11-taxonomic-information.Rmd

# Taxonomic information {#taxonomic-information}

```{r setup, echo=FALSE, results="asis"}
library(rebook)
chapterPreamble()
```

```{r, message=FALSE}
library(mia)
data("GlobalPatterns")
se <- GlobalPatterns 
```

Taxonomic information are a key part of analyzing microbiome data and without
it, any type of data analysis probably will not make much sense. However,
the degree of detail of taxonomic information differs depending on the dataset
and annotation data used.

Therefore, the mia package expects a loose assembly of taxonomic information
and assumes certain key aspects:

* Taxonomic information is given as character vectors or factors in the 
`rowData` of an `SummarizedExperiment` object.
* The columns containing the taxonomic information must be named `domain`,
`kingdom`, `phylum`, `class`, `order`, `family`, `genus`, `species` or with
a capital first letter.
* the columns must be given in the order shown above
* column can be omited, but the order must remain

## Assigning taxonomic information.

There are a number of methods to assign taxonomic information. We like to give
a short introduction about the methods available without ranking one over the 
other. This has to be your choice based on the result for the individual 
dataset.

### dada2

The dada2 package [@R-dada2] implements the `assignTaxonomy` function, which 
takes as input the ASV sequences associated with each row of data and a training
dataset. For more information visit the 
[dada2 website](https://benjjneb.github.io/dada2/assign.html).

### DECIPHER

The DECIPHER package [@R-DECIPHER] implements the `IDTAXA` algorithm to assign
either taxonomic information or function information. For `mia`
only the first option is of interest for now and more information can be
found on the [DECIPHER website](http://www2.decipher.codes/Classification.html)

## Functions to access taxonomic information

`checkTaxonomy` checks whether the taxonomic information is usable for `mia`

```{r}
checkTaxonomy(se)
```

Since the `rowData` can contain other data, `taxonomyRanks` will return the 
columns `mia` assumes to contain the taxonomic information.

```{r}
taxonomyRanks(se)
```

This can then be used to subset the `rowData` to columns needed.

```{r}
rowData(se)[,taxonomyRanks(se)]
```

`taxonomyRankEmpty` checks for empty values in the given `rank` and returns a 
logical vector of `length(x)`.

```{r}
all(!taxonomyRankEmpty(se, rank = "Kingdom"))
table(taxonomyRankEmpty(se, rank = "Genus"))
table(taxonomyRankEmpty(se, rank = "Species"))
```

`getTaxonomyLabels` is a multi-purpose function, which turns taxonomic
information into a character vector of `length(x)`

```{r}
head(getTaxonomyLabels(se))
```

By default this will used the lowest non-empty information to construct a
string with the following scheme `level:value`. If all levels are the same
this part is omited, but can be added by setting `with_rank = TRUE`

```{r}
phylum <- !is.na(rowData(se)$Phylum) & 
    vapply(data.frame(apply(rowData(se)[,taxonomyRanks(se)[3:7]],1L,is.na)),all,logical(1))
head(getTaxonomyLabels(se[phylum,]))
head(getTaxonomyLabels(se[phylum,], with_rank = TRUE))
```

By default the return value of `getTaxonomyLabels` contains only unique elements
by passing it through `make.unique`. This step can be omited by setting 
`make_unique = FALSE`

```{r}
head(getTaxonomyLabels(se[phylum,], with_rank = TRUE, make_unique = FALSE))
```

To apply the loop resolving function `resolveLoop` from the
`TreeSummarizedExperiment` package [@R-TreeSummarizedExperiment] within
`getTaxonomyLabels`, set `resolve_loops = TRUE`.

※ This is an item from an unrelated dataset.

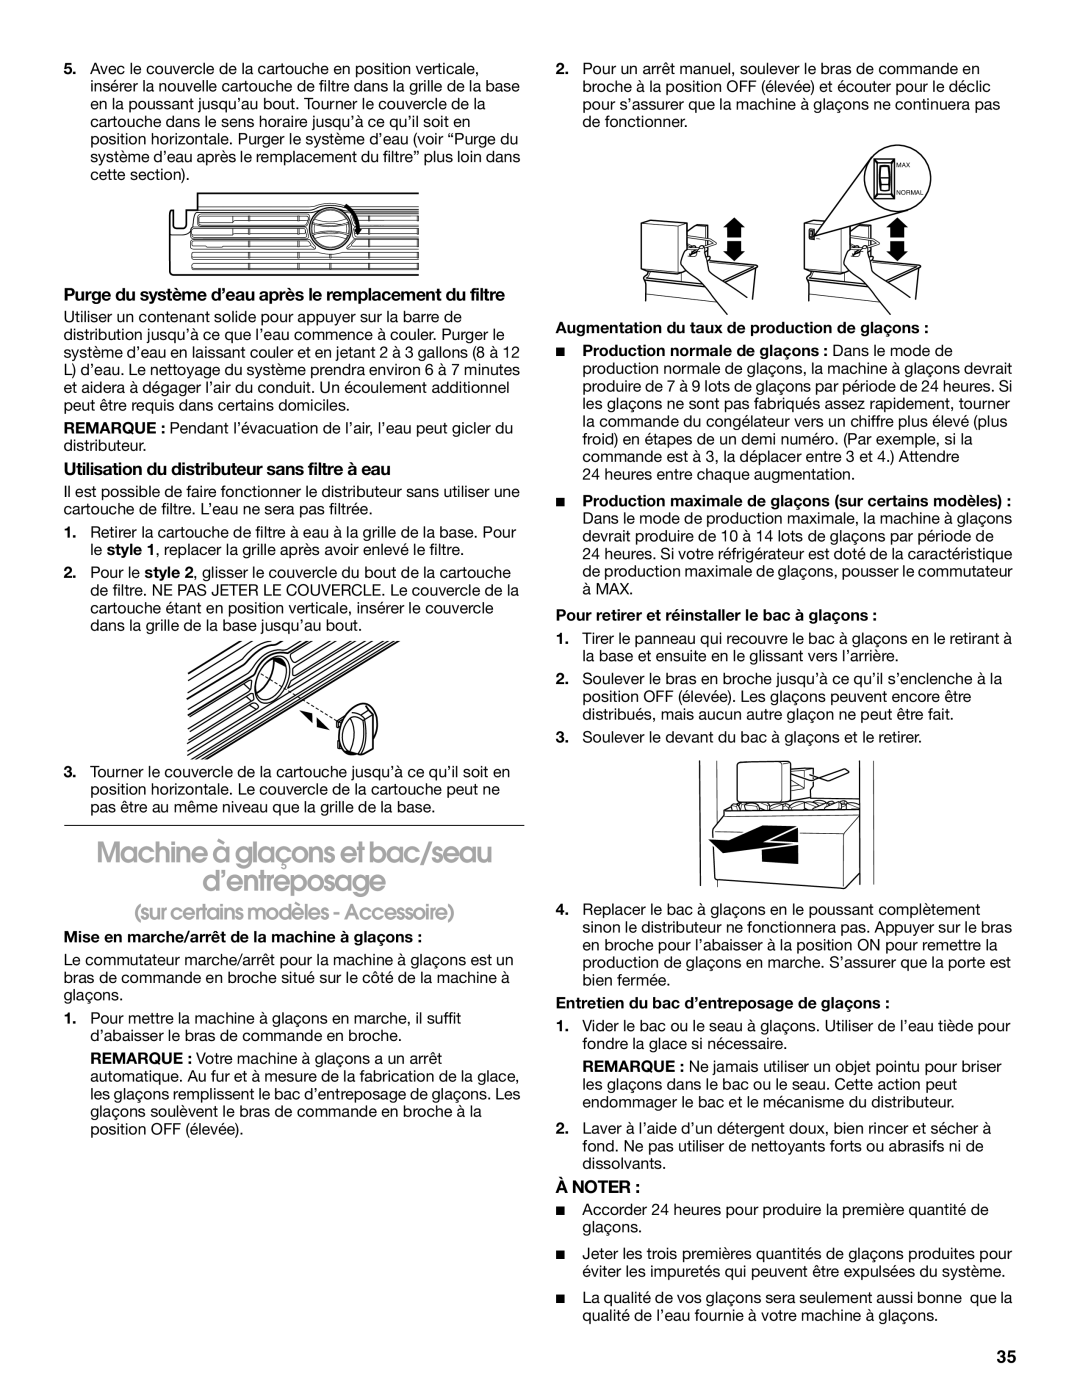 Whirlpool TS25AFXKQ00 manual Machine à glaçons et bac/seau d’entreposage, sur certains modèles - Accessoire, À Noter

### Generate a taxonomic tree on the fly

To create a taxonomic tree `taxonomyTree` used the information and returns a
`phylo` object. Duplicate information from the `rowData` are removed.

```{r}
taxonomyTree(se)
```

```{r}
se <- addTaxonomyTree(se)
se
```

The implementation is based on the the `toTree` function from the
`TreeSummarizedExperiment` package [@R-TreeSummarizedExperiment].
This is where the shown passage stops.